Я вдруг вспомнил, что сегодня мне исполняется двадцать три года. Никому, ни одной душе не подумалось об этом. Может, и подумалось, но никто не знает, где я. Кроме ассистента, никто не знает о моем местонахождении.

«Есть некий болевой центр, из него исходит всё, — сказал он. — Этот центр боли — в центре самой природы. Природа строится на многих центрах, но главным образом на болевом. Он, как и другие центры природы, строится на сверхболи, он стоит, можно сказать, на монументальной боли. Знаете, — сказал художник, — я и попытался бы разогнуться, но для меня это невозможно. Я чересчур горблюсь. Разве не так? Вы уж извините мне мою сгорбленность. Наверное, у меня жалкий вид. Вам и не вообразить неимоверность моей боли. Боль и мука во мне нижутся друг на друга, руки и ноги сопротивляются, как могут, но всё больше становятся невиннейшими из жертв. Да еще этот сырой снег, эти неимоверные массы снега! Бывают состояния, когда голова становится непосильной ношей. А какое напряжение сил: десять обычных мужчин не смогут поднять мою голову, если не обладают определенной выучкой. Вы только представьте себе: я трачу силу десятерых специально обученных атлетов, чтобы держать голову. Если бы я мог развить эту силу для себя! Видите, я растрачиваю свою силу без всякого смысла, ибо это бессмыслица — держать поднятой такую голову, как моя. Если бы хоть сотую долю этой силы я мог вложить в самого себя, так, чтобы от этого было побольше толку… Я бы перетасовал все правила и все достижения мысли. Я стяжал бы всю славу духовного мира. Сотую долю! И я стал бы чем-то вроде второго творца! Люди не смогли бы мне возразить! Я бы мигом повернул вспять тысячелетия и заставил бы течь в другом, лучшем направлении. А так мои силы сосредоточены на моей голове, на ее боли, и всё бессмысленно. Эта голова, доложу вам, ни на что не способна. В ее сердцевине пылает беспомощный земной шар, и всё заполнено разъятыми созвучиями!»
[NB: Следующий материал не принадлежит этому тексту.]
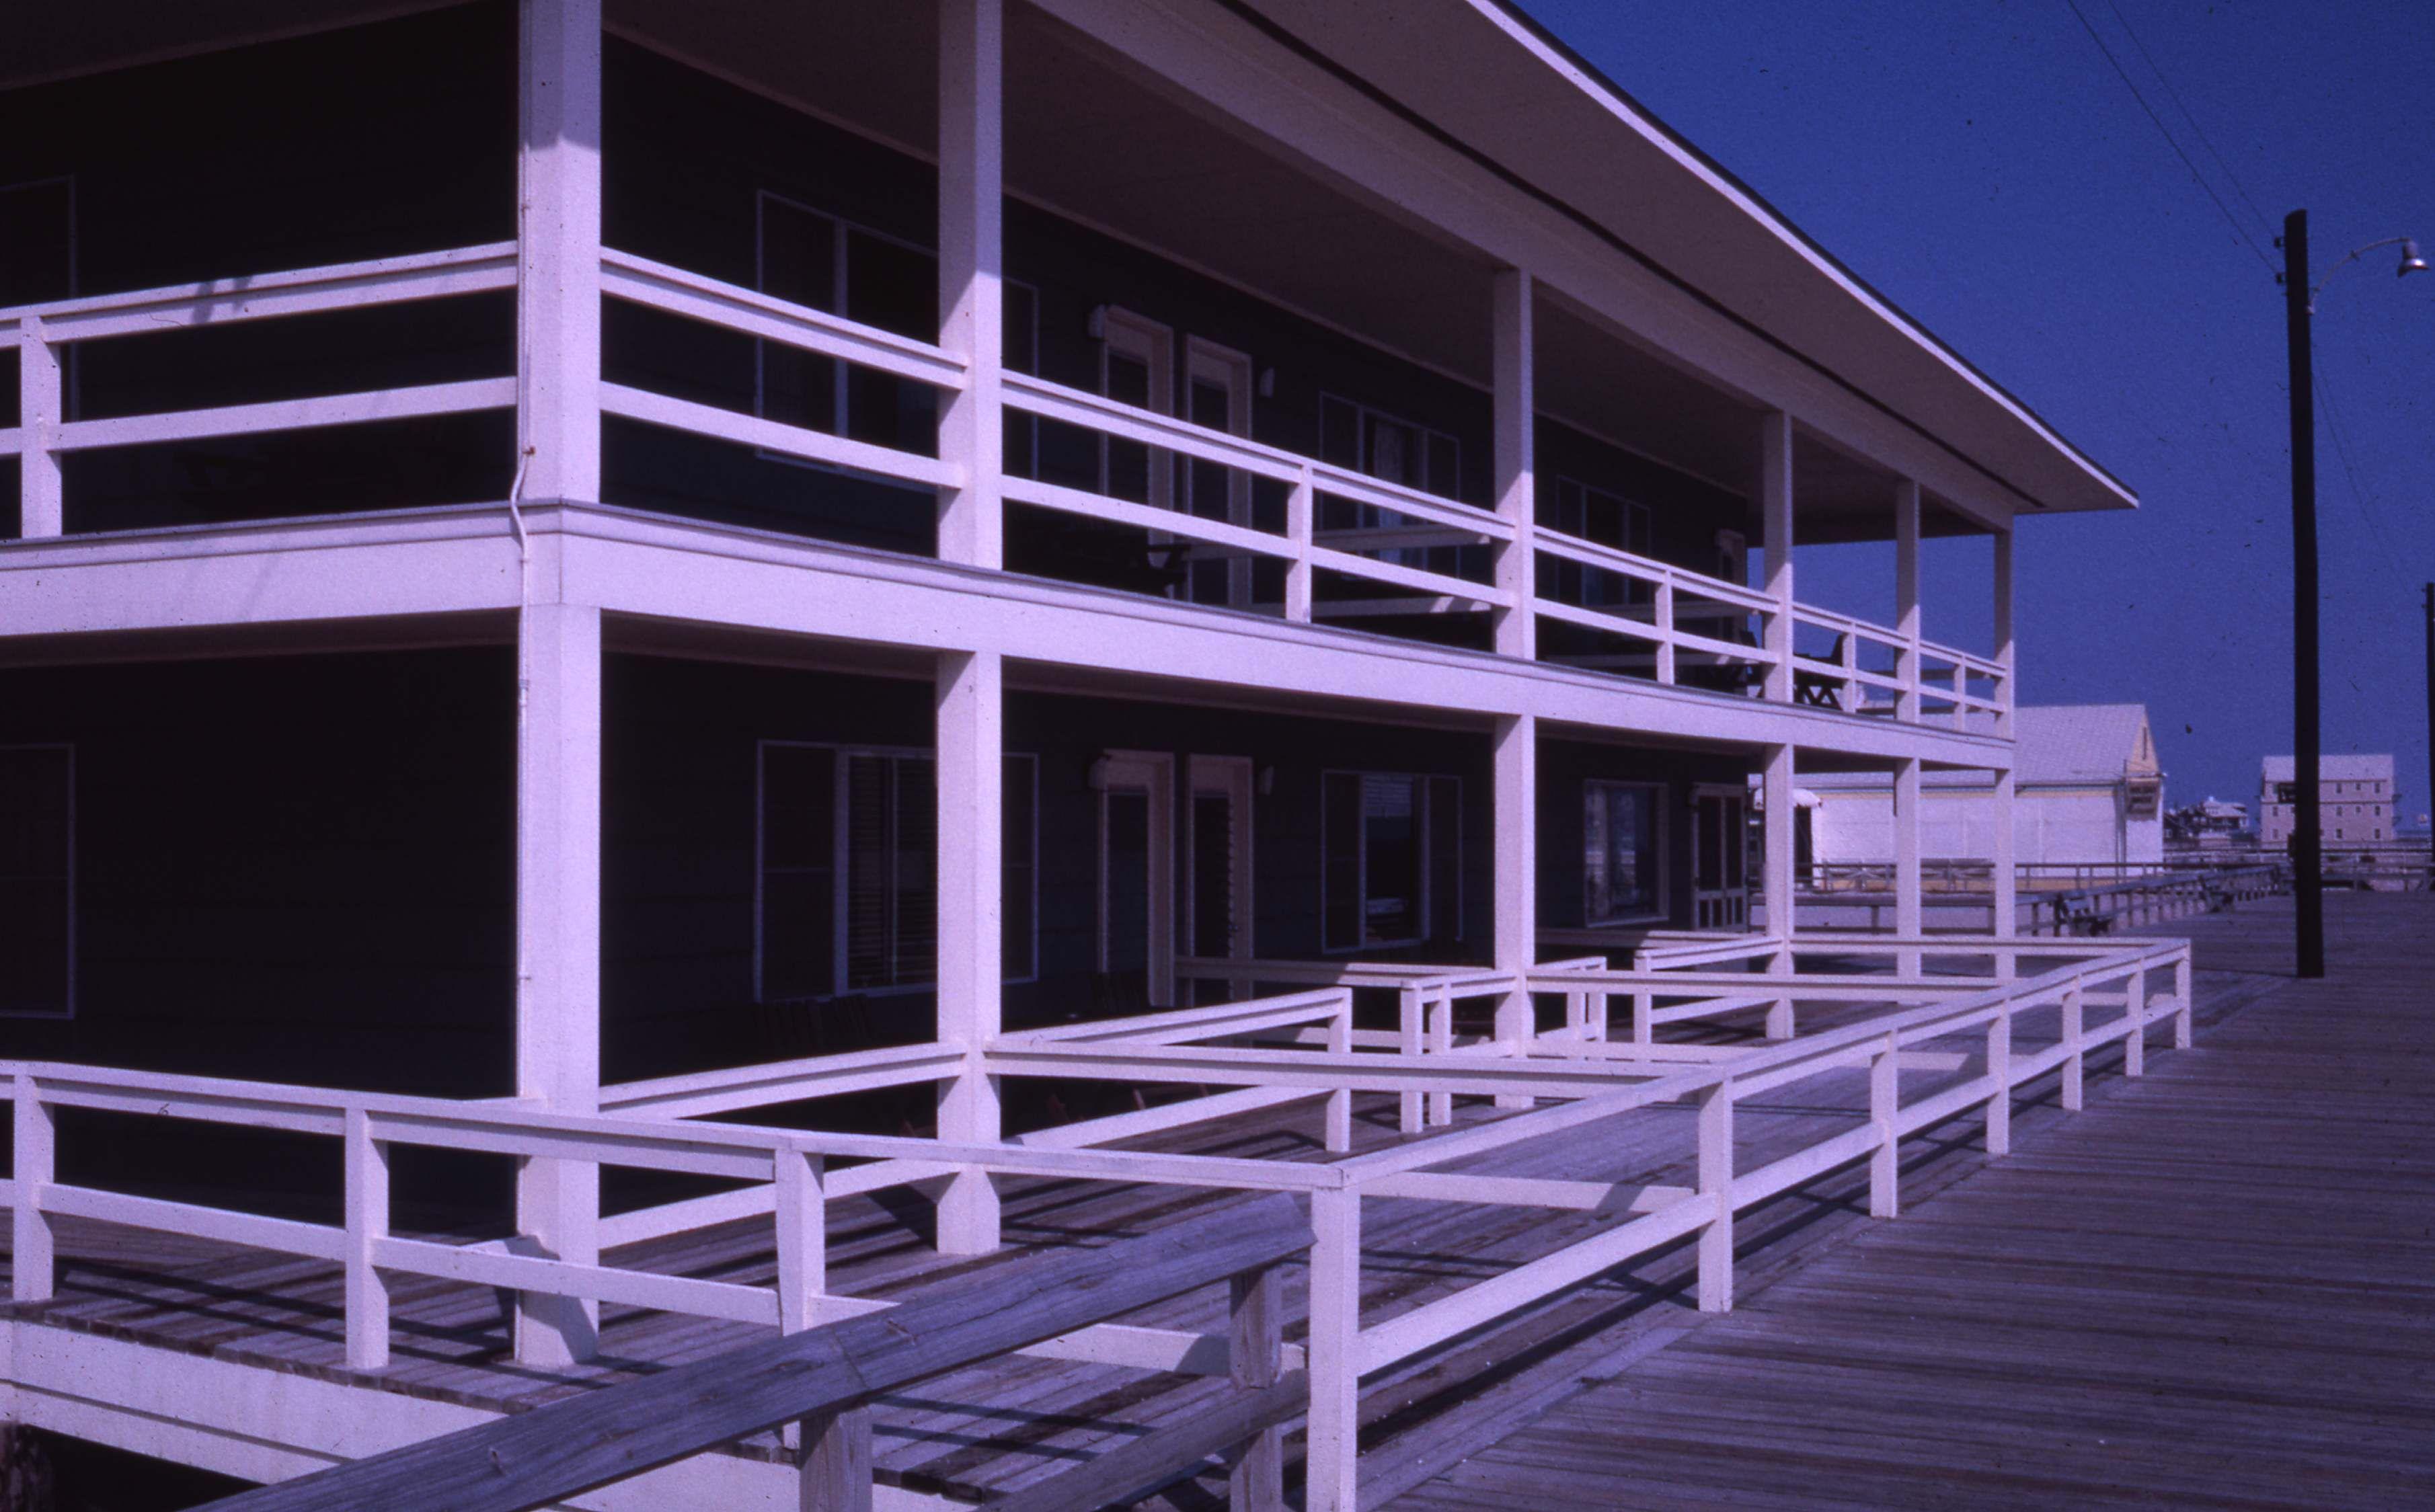 Bethany Beach Blue Surf Hotel 9015 036 001 5229 Delaware

«Воспоминание порождает болезнь. Всплывает какое-то слово, рисующее городские кварталы. Ужасающая архитектура. Внутренний взгляд упирается в людские скопища, попытки сближения с ними бессмысленны! День угас». Девяносто восемь человек из ста, по его мнению, страдают навязчивыми идеями, с которыми засыпают и просыпаются. «Каждый норовит перейти вброд омут какой-нибудь идеи, одни погружаются по горло, другие с головой, покуда мрак не укажет им на полную безнадежность. Полицейские каталажки с послеполуденной тишиной, с храпом и испарениями от тел заключенных… Одному лезет в голову то же, что и другому: человеческое месиво дорожной катастрофы, случившейся то ли несколько недель, то ли несколько лет назад. Севооборот совершают здесь, не ведая ни о странах света, ни об интенсивности светопоглощения: леса, луга, дороги, рыночные площади, что рвутся на части по воле фантазии, ярятся реки, разбитые плотинами, хозяева-мастеровые орудуют длинными ножами в мозгах голытьбы». Есть поистине престарелые мечты, так называемая «юриспруденция простых людей». Закон, гласящий, что всё повторяется и в то же время неповторимо. Бесконечное перелопачивание, полное рассыпание всех понятий. Радость тянет к себе радость, порок — порок, рисовка — рисовку, любовь — любовь. «То, что соединяет меня с самим собой — дальше всего от меня», и «время — отнюдь не средство заниматься им», и «я — жертва собственных теорий и в то же время их властелин».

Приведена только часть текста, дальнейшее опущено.